So perhaps there were villains in the piece. But to what extent was Garland complicit in her own destruction? We can’t blame her for being an extroverted 2-year-old who grinned and piped her way into the Gumm Sisters’ vaudeville act–and immediately became its star; she couldn’t help having her talent, and the need to express it. But although she repeatedly said that she longed for an ordinary small-town life, few people have stardom thrust upon them. And though she had many friends and mentors, and a number of men cared about her and tried to care for her, she became one of those people, all vulnerability and pathos, whom others rush to help but who can’t be helped. When she was in the grip of her demons, the passive aggression turned to active and fierce aggression. As her health deteriorated, her grasp of reality grew increasingly uncertain: Two years before her death she blithely stated, “Isn’t it remarkable that with all the horror, with all that I’ve been through, I never drifted into booze or pills?” Garland loved to play games, and her humor was not always kind.
She was never pretentious, though, and that’s more than you can say for Mr. Clarke. Tyrone Power’s charm was “so exundant that few could withstand it”; Judy’s voice “ripened into the rutilant maturity of midsummer.” And how about this: As Judy’s audience at the Palace left the theater, “they displayed not merely smiles of happiness” but “the ecstasy of deliverance. They had not attended a concert; they had participated in an incantation, a rite more ancient than the pyramids themselves. Her altar may have been a stage on Times Square, with the subway rumbling underneath and taxis honking outside, but Judy had more than a little in common with those shamans of old Nile, chanting their cures in the crouching shadow of the newborn sphinx.” As the young Judy might have put it, “Golly!”

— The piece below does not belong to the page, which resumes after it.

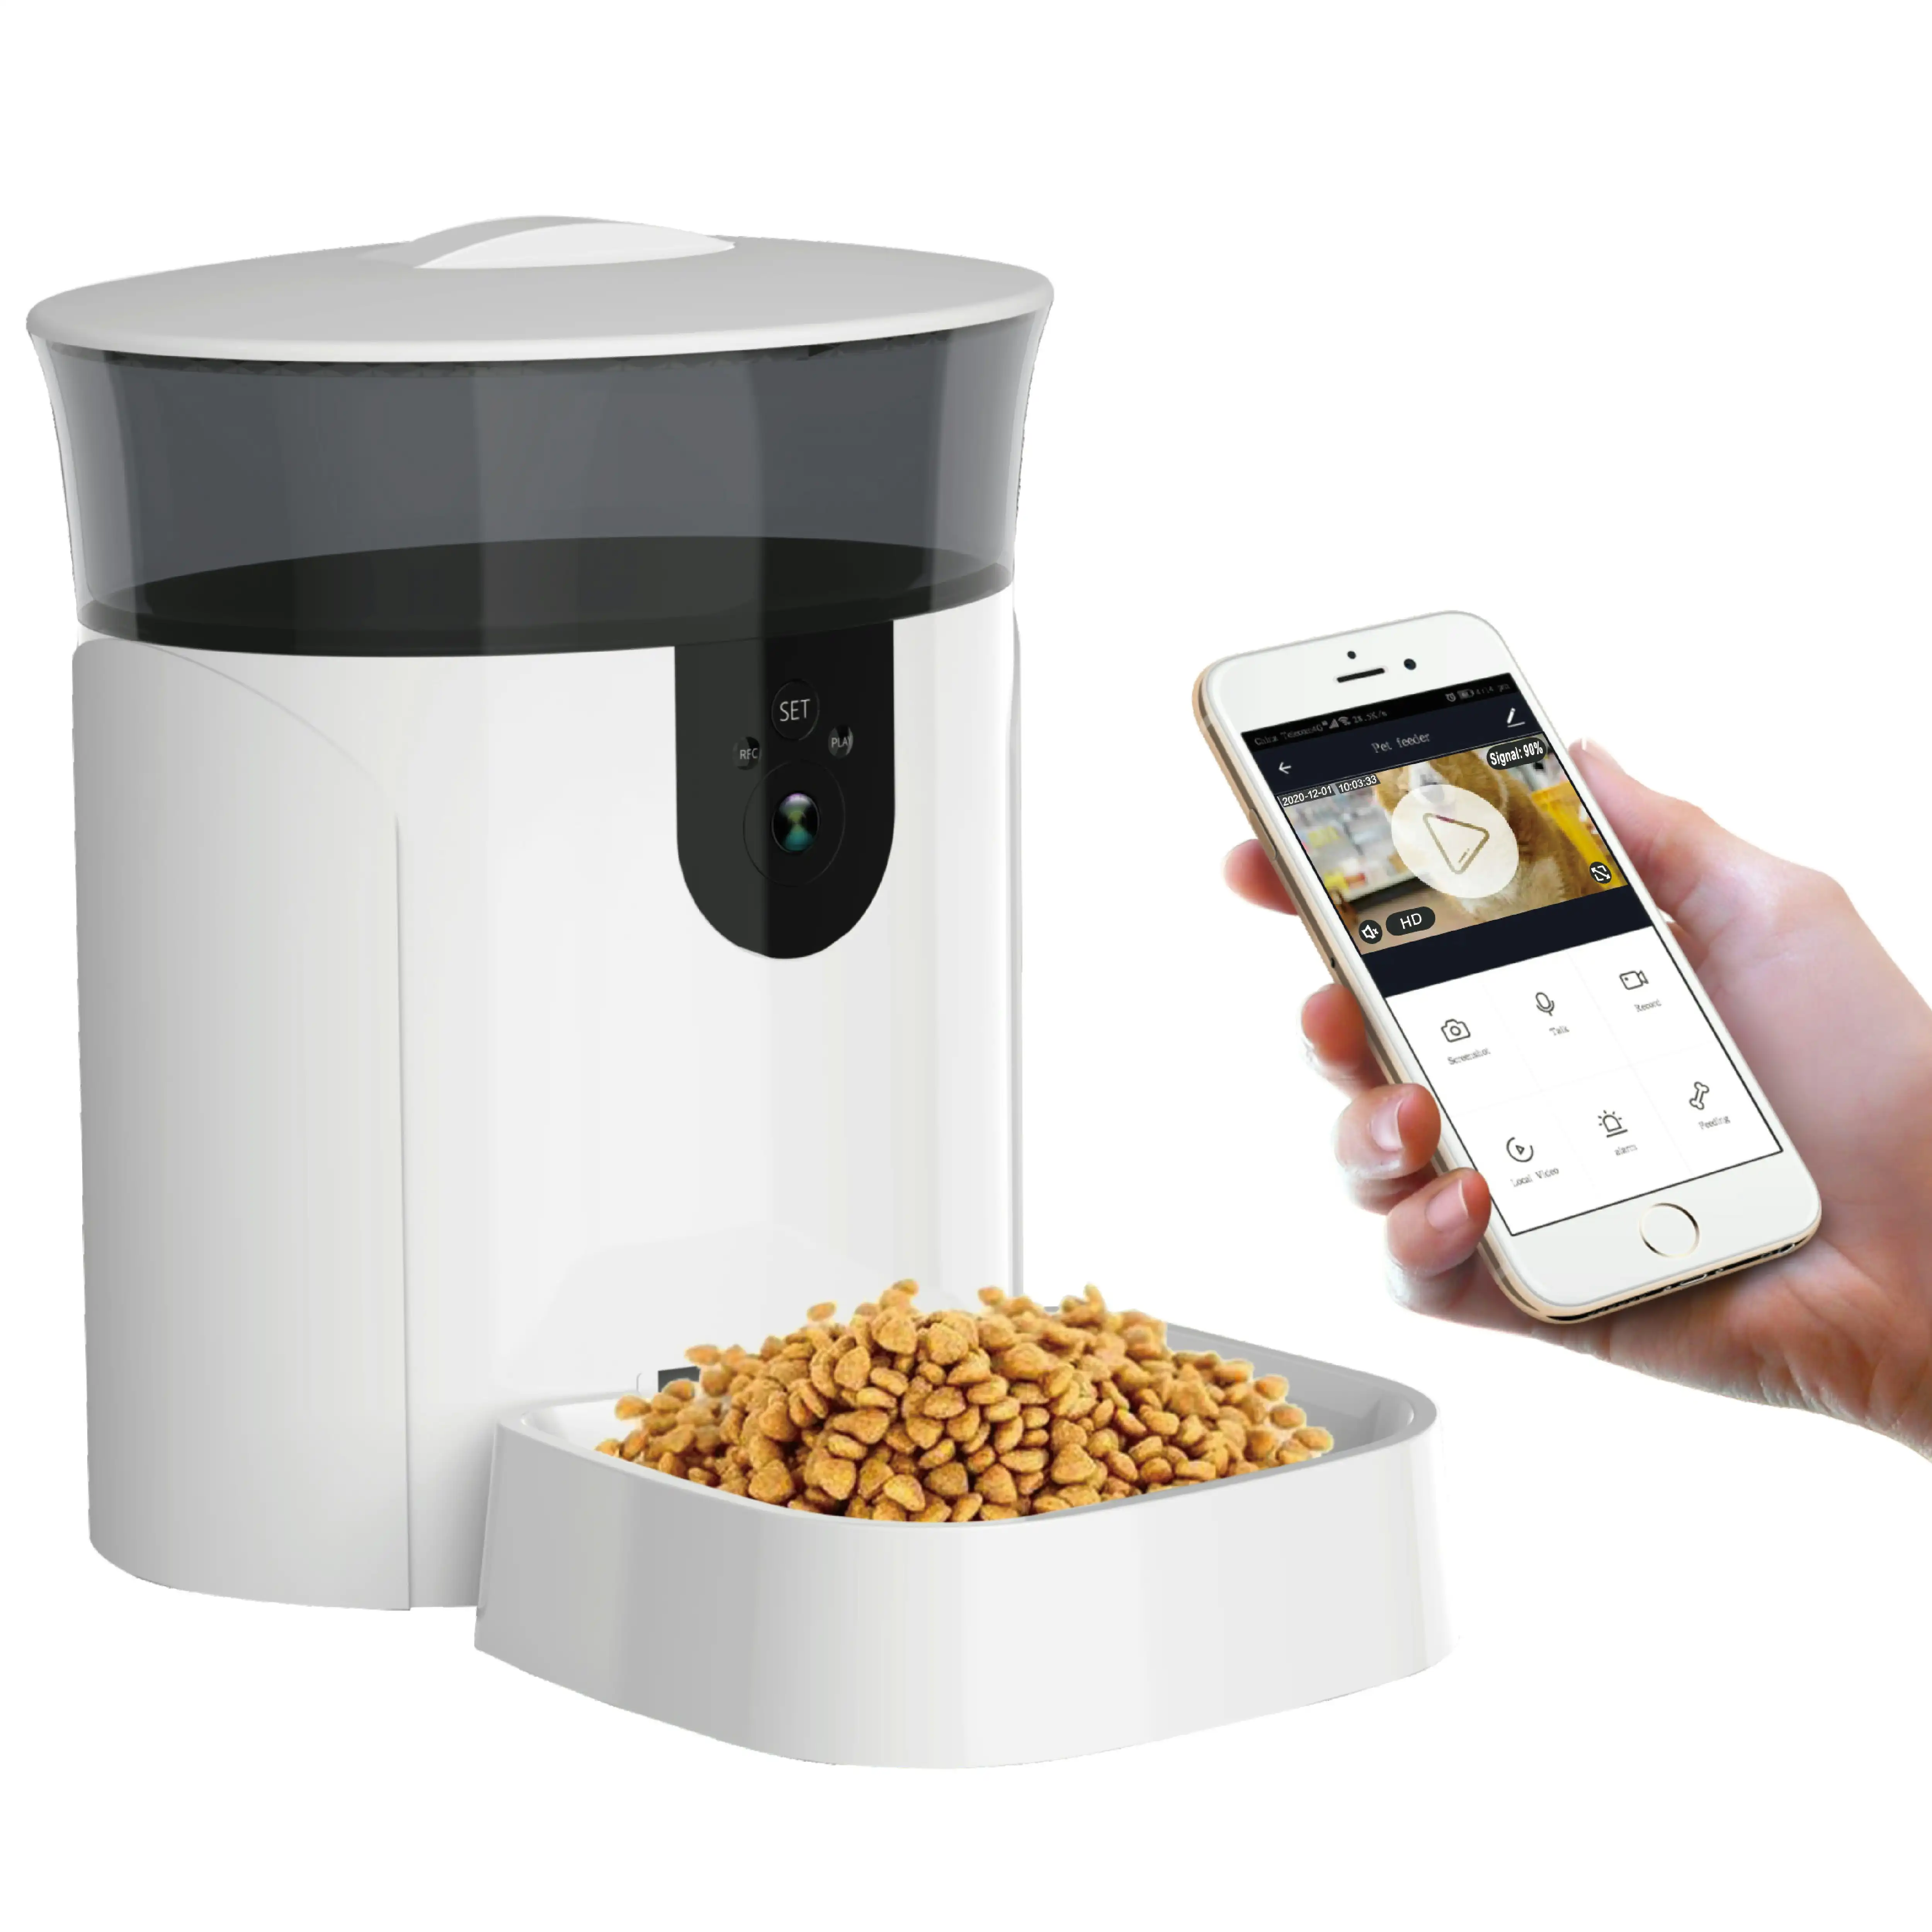 Tech 4 Pets 7L Smart Pet Feeder with Camera - Automatic or Schedule, Wifi, App
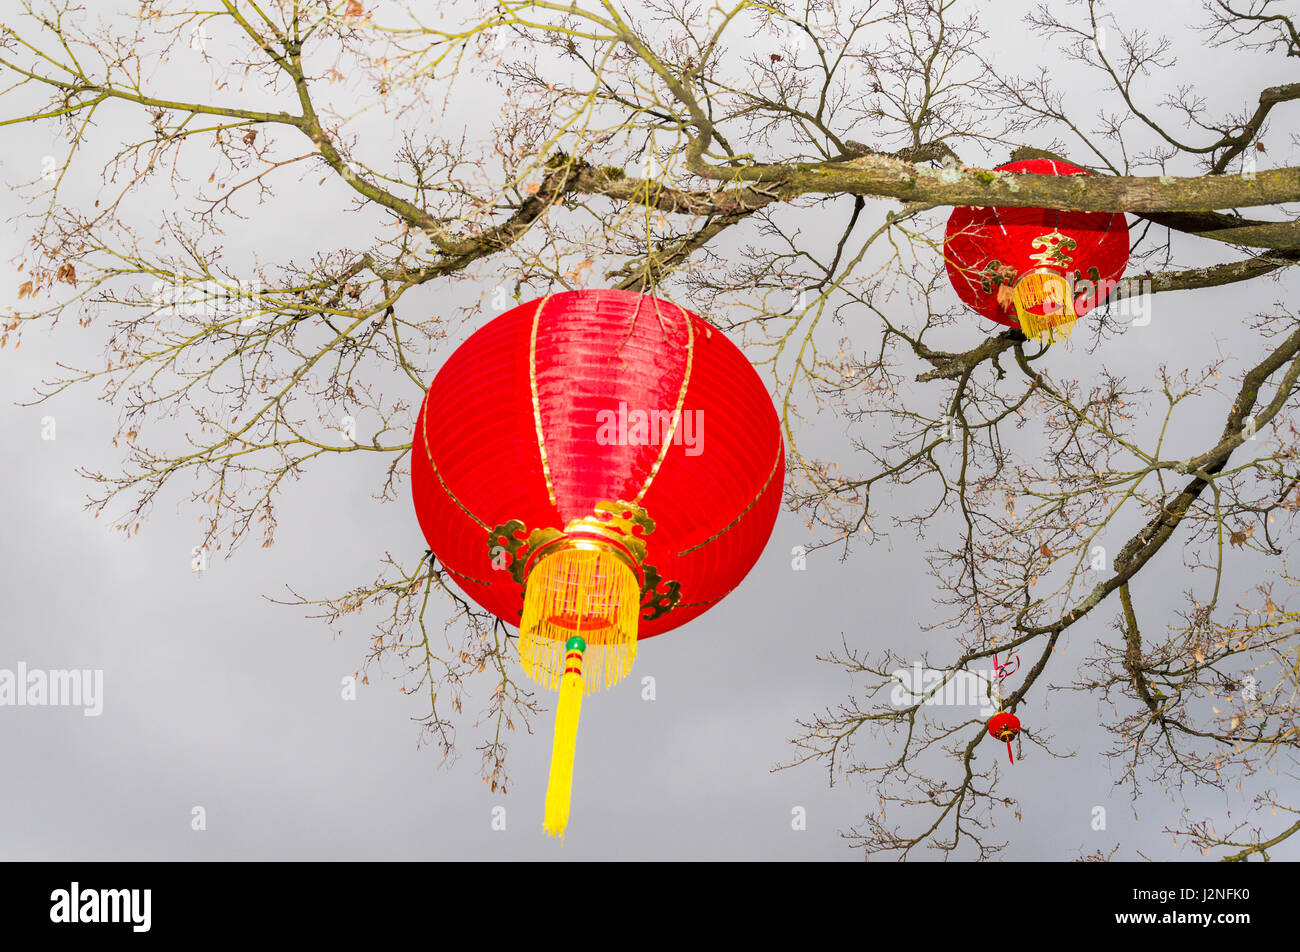 Red lanterns at Chinese New Year Celebration, Dr Sun-Yat Sen Classical Garden, Chinatown, Vancouver, British Columbia, Canada Stock Photo

Despite the literary excesses and prurient flashes, there are reasons to read Get Happy if you care about Garland. Gerold Frank had access to all the prime sources (including Garland herself), but writers back in 1975 had to be discreet. Both Mr. Finch and Mr. Shipman are more knowledgeable about Hollywood and about singing than Mr. Clarke, and Mr. Finch is particularly useful as a corrective to Garland’s self-mythologizing–he’s an admiring skeptic–but his treatment of the later years is thin. Mr. Shipman is judicious and frank without being salacious, though he’s sometimes a little distanced. Mr. Clarke goes further than his predecessors in illuminating the darker corners of Garland’s life, and if at times he accepts Garland’s self-dramatizing testimony too uncritically, his account can be gripping. Most important, he made me feel yet again the tragedy of this wonderfully gifted girl who brought happiness into so many lives while leading such an unhappy life herself.